Irish startup founders and CEOs approaching their first or subsequent funding rounds with angel or VC investors, especially those unfamiliar with legal intricacies of investment documents.

This guide equips you to understand subscription agreements, negotiate protections against warranty risks, handle disclosures and pre-emption rights correctly, and fulfill compliance obligations to close deals smoothly without future liabilities.

Key Takeaways

  • A subscription agreement governs the issuance of new shares to an investor. It works alongside the shareholders' agreement and constitution to form the legal framework for a funding round.
  • Company warranties are the highest-risk element for the company and the founders. Negotiate liability caps, time limits, and de minimis thresholds, and prepare a thorough disclosure letter.
  • Disapply pre-emption rights or obtaining relevant shareholder consents before issuing shares to the new investor.
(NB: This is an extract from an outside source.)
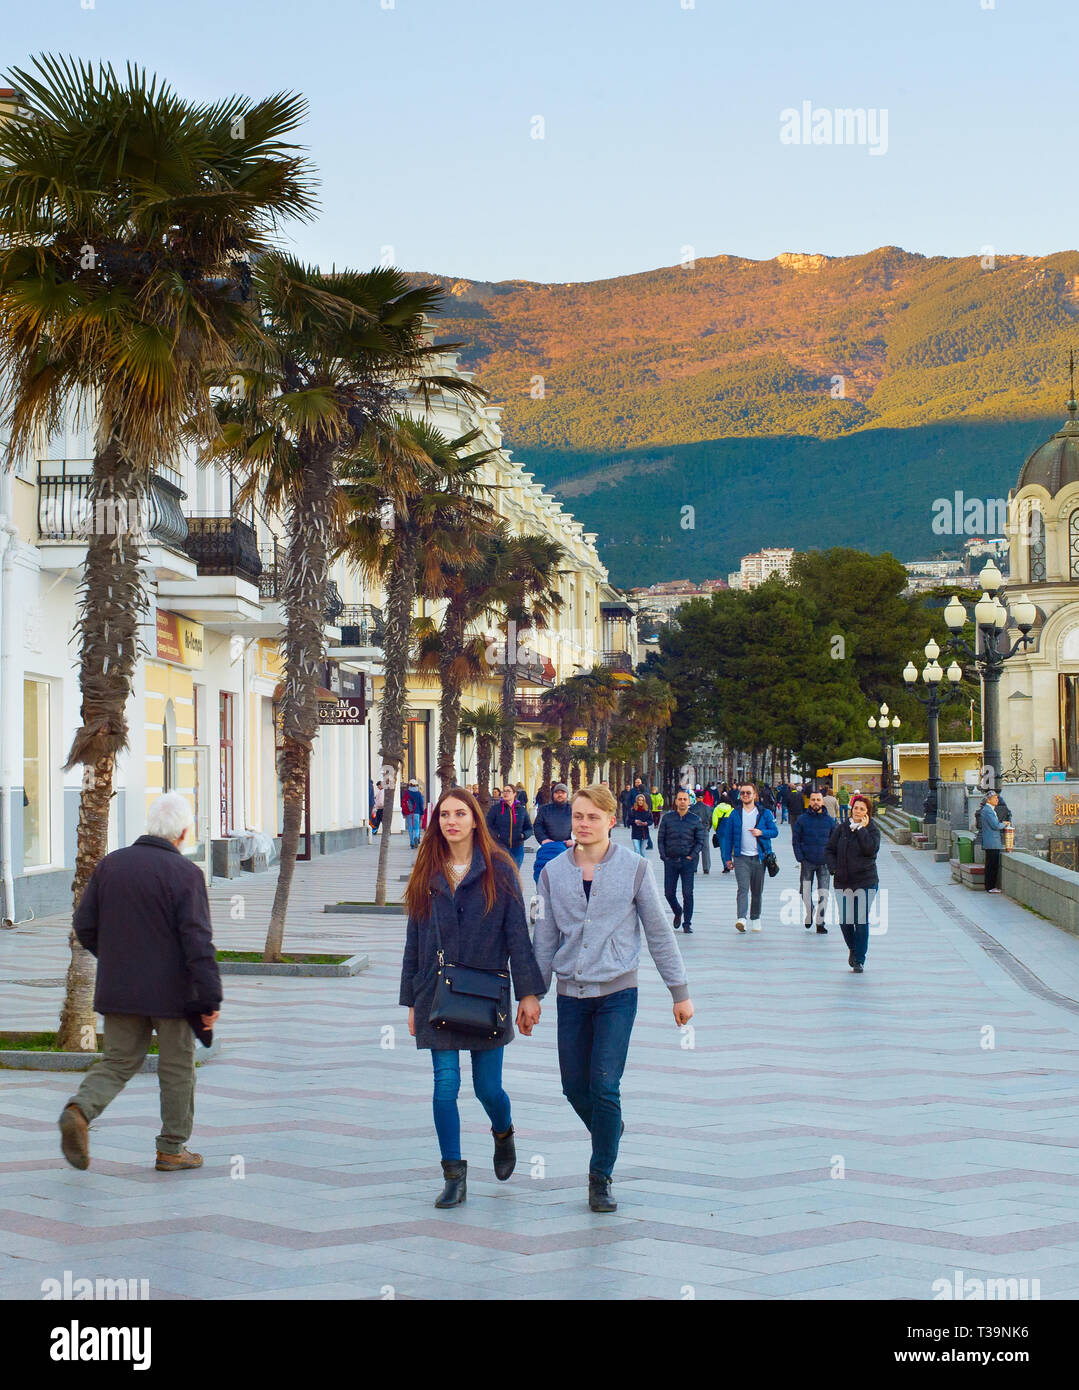 YALTA, Crimée, Ukraine - avril 03, 2018 : Couple walking par Yalta, promenade au coucher du soleil. Yalta est la plus célèbre destination touristique en Crimée Banque D'Images
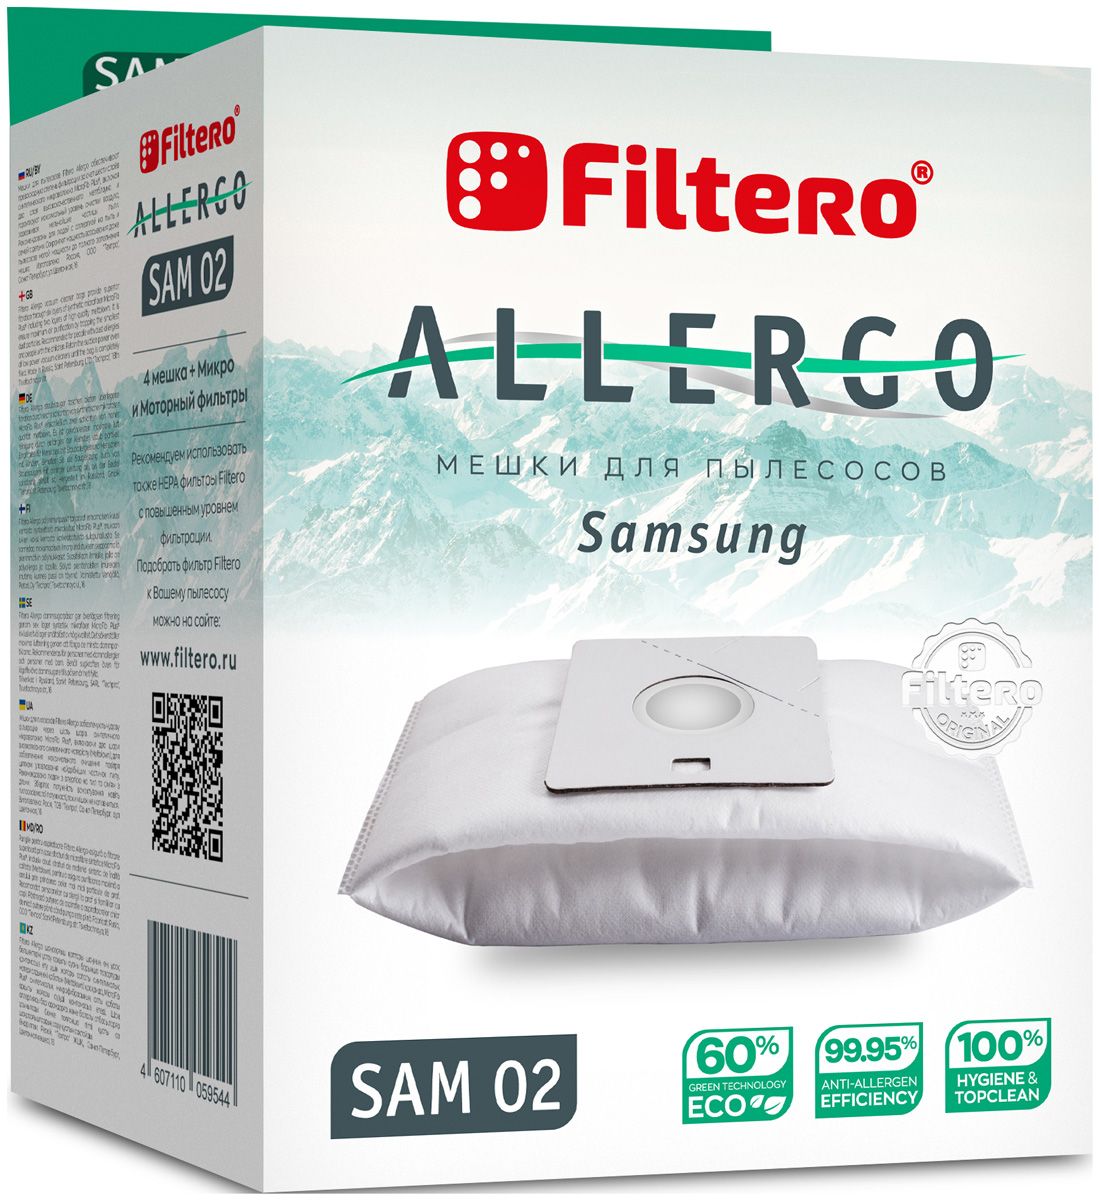 Пылесборники Filtero SAM 02 Allergo 4 шт. + моторный фильтр и микрофильтр цена и фото

Failure to do so can make the allotment voidable.
  • Complete all post-completion obligations promptly: CRO filings (Form B5 and amended constitution), register of members update, share certificates, and beneficial ownership register.
  • Do not treat the subscription agreement as a formality. Read it, understand it, and negotiate the terms that matter, particularly warranties, indemnities, and conditions precedent.

Frequently Asked Questions

What is a subscription agreement?

A subscription agreement is a legal contract where an investor subscribes for newly issued shares, and the company allots them. It governs primary issuance of new shares from the company, distinct from share purchase agreements for existing shares. It pairs with shareholders' agreement and constitution.

What are key clauses in a subscription agreement?

Key clauses cover shares subscribed (number, class, nominal value), subscription price and payment terms, representations and warranties from company and investor, indemnities with liability caps, thresholds, and time limits. These define the deal terms precisely.

What is the role of the disclosure letter?

The disclosure letter qualifies company warranties by listing specific issues like litigation or IP matters, excluding them from breach claims. A thorough disclosure letter, prepared with legal advice, is essential to limit exposure to investor claims.

Why must pre-emption rights be disapplied?

Under Companies Act 2014 Section 69, new shares must first be offered to existing shareholders. In funding rounds, shareholders waive these rights via resolutions to enable direct issuance to new investors, preventing voidable allotments.

What are post-completion obligations after signing?

File Form B5 with CRO within 30 days, update register of members, issue share certificates, file amended constitution if changed, and update beneficial ownership register if investor exceeds 25% holdings. Late filings incur penalties.